I wrote a small script to check the time-since-last-release for all the packages in the registry and this is what I found (JLL packages are not counted):
Does the number of orphans grow over time
The plots show the total number of packages, the amount of brand new packages per month, the amount of new releases (whether an update or a new package) per month, and then it gives a few lines related to “stale” packages: packages with no more than two releases, packages with a single release, and package that have zero releases in the General registry (and were simply copied over from before we used a package registry like this).
Overall, the health seems pretty good, the “staleness” does not seem to be significant.
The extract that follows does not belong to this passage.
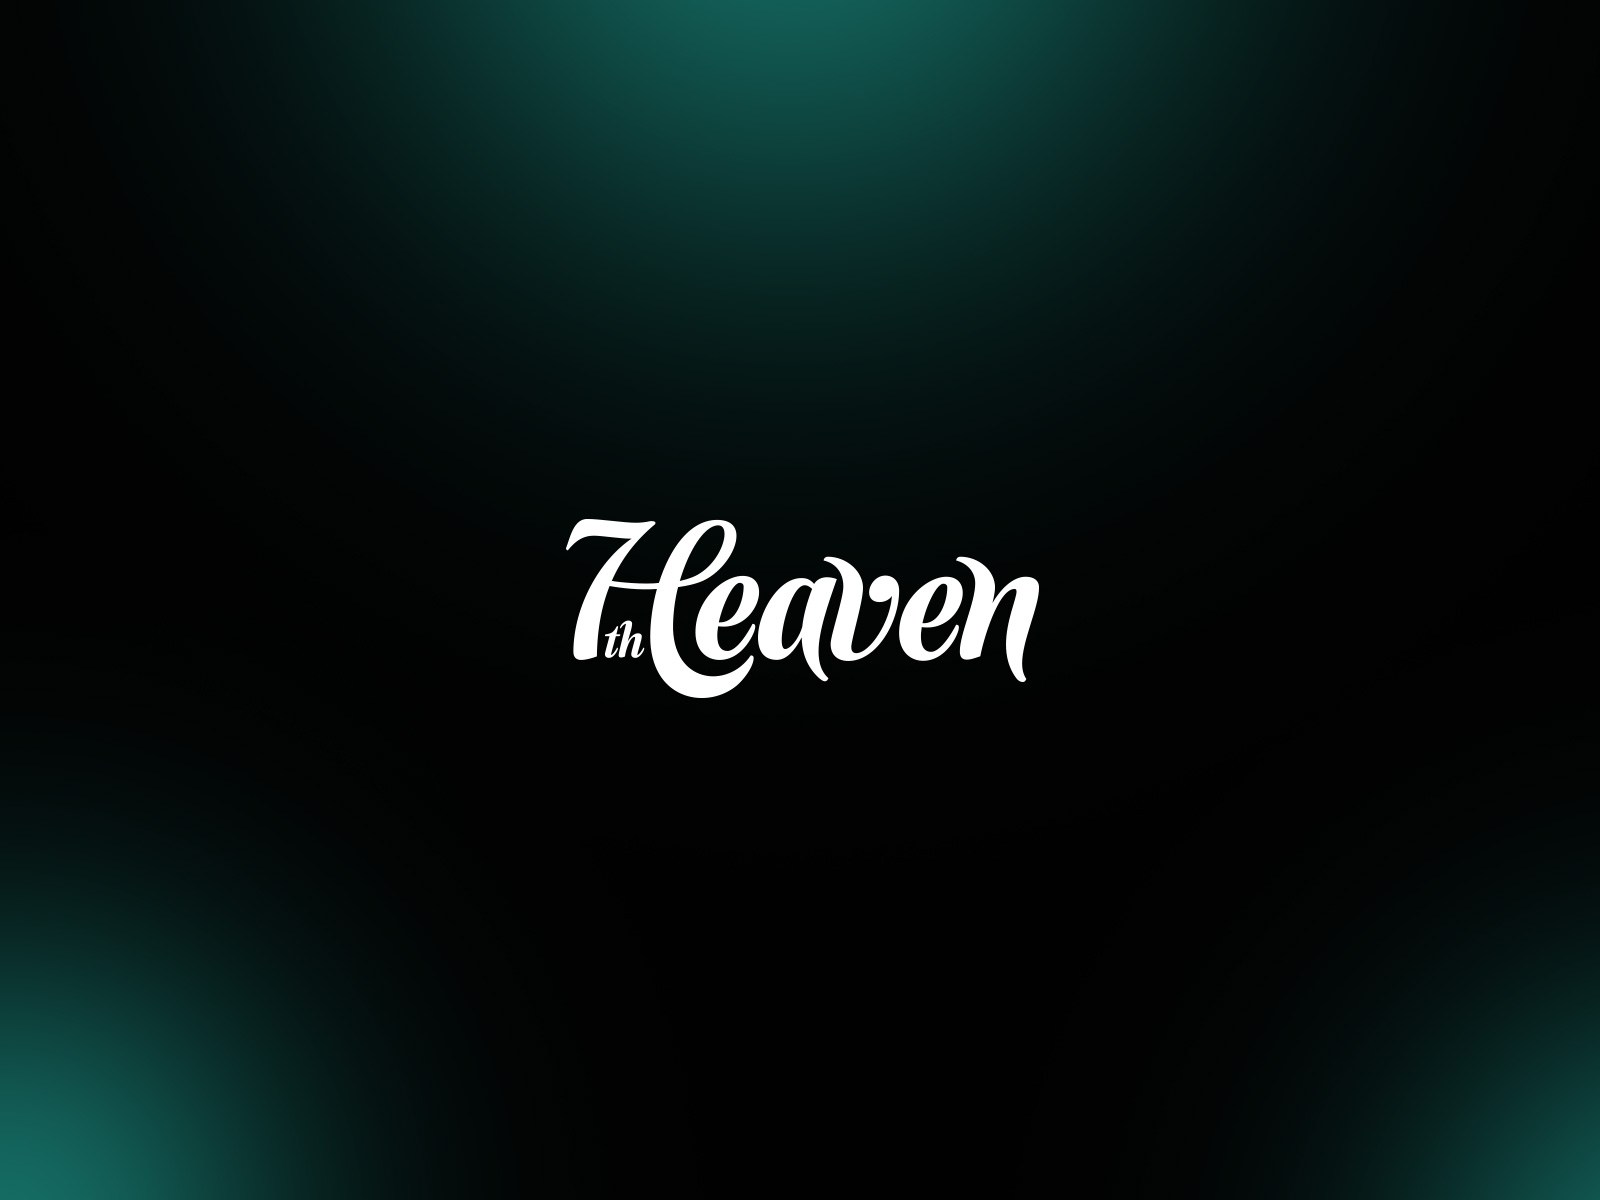 7th-heaven-logo-design.jpg

In the plot you see two dips. They are respectively:
- remove packages and versions of packages that do not support Julia 1.0 by KristofferC · Pull Request #4169 · JuliaRegistries/General · GitHub
- Move JLLs to own folder by oxinabox · Pull Request #79064 · JuliaRegistries/General · GitHub (I do not know why there is a dip for this one… I supposedly am not counting JLLs)
Freshness histogram for each month
Here is a per-month snapshot of the freshness distribution of packages: for each month I plot a histogram of how-long ago a package has seen a release. You might need to open the image in a new tab.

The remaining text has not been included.